(Exercise prompt) Leaving the pictures aside, write out the whole listing below exactly.

(Information shown)
- - - - -

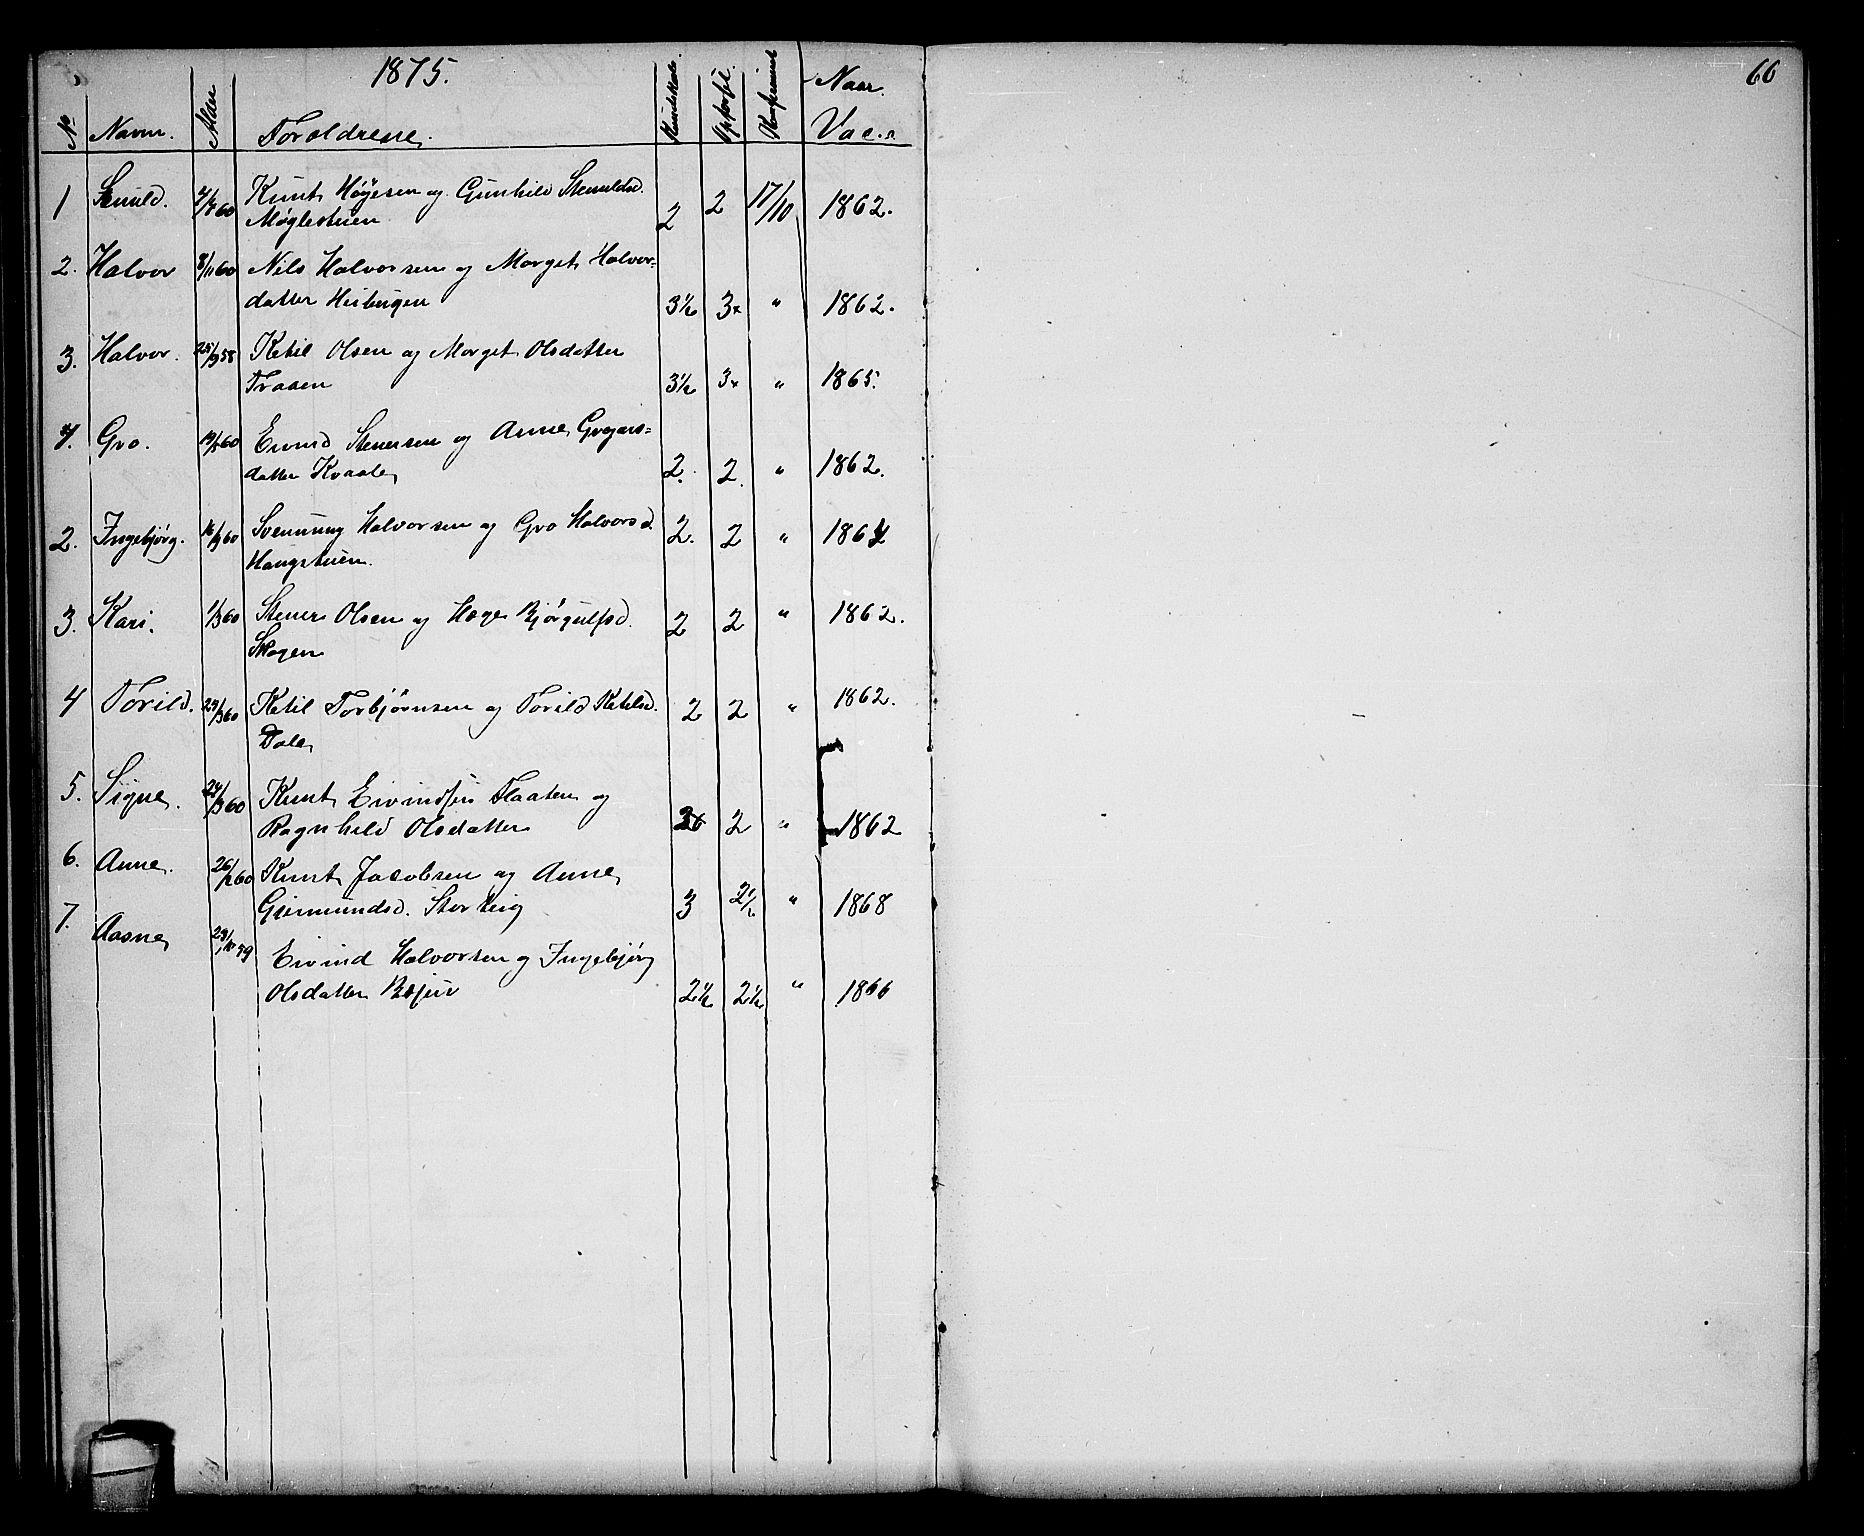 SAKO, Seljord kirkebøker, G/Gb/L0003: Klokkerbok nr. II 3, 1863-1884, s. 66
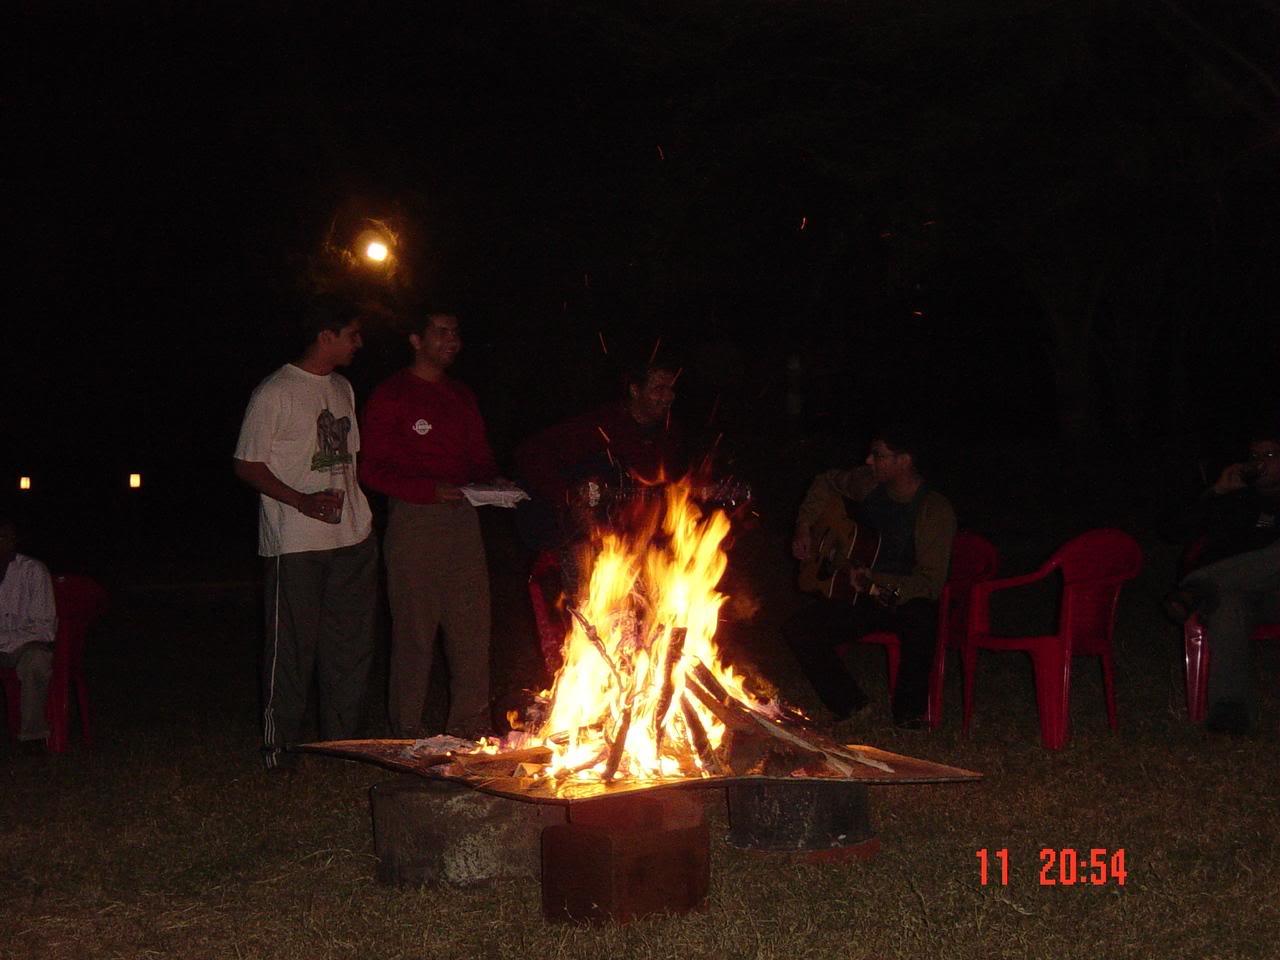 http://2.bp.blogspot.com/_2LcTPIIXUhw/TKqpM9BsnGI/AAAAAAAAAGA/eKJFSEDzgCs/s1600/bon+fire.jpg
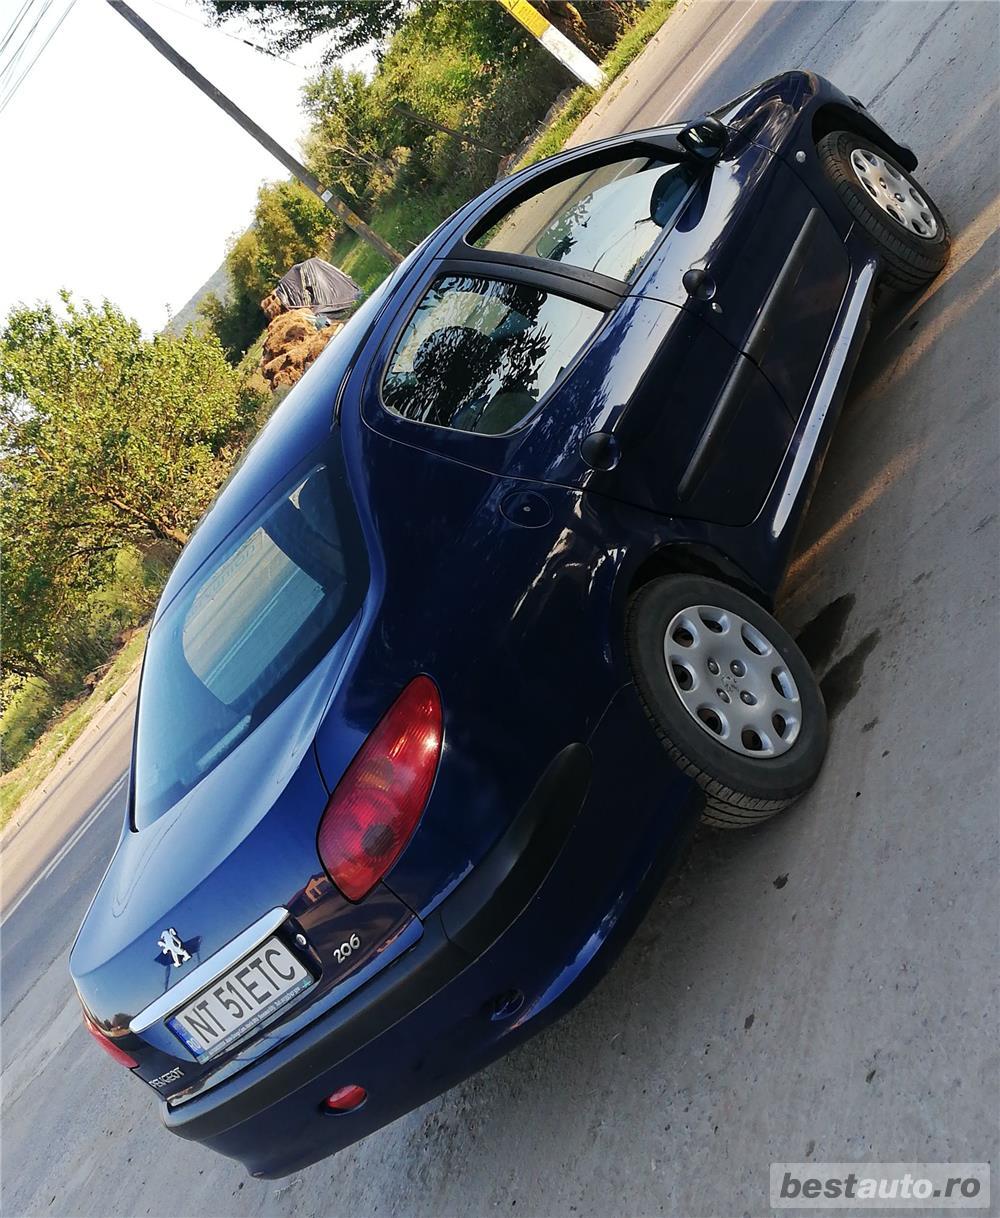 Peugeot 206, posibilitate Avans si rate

- - - - -

(Exercise output)
 SAKO, Seljord kirkebøker, G/Gb/L0003: Klokkerbok nr. II 3, 1863-1884, s. 66
 http://2.bp.blogspot.com/_2LcTPIIXUhw/TKqpM9BsnGI/AAAAAAAAAGA/eKJFSEDzgCs/s1600/bon+fire.jpg
 Peugeot 206, posibilitate Avans si rate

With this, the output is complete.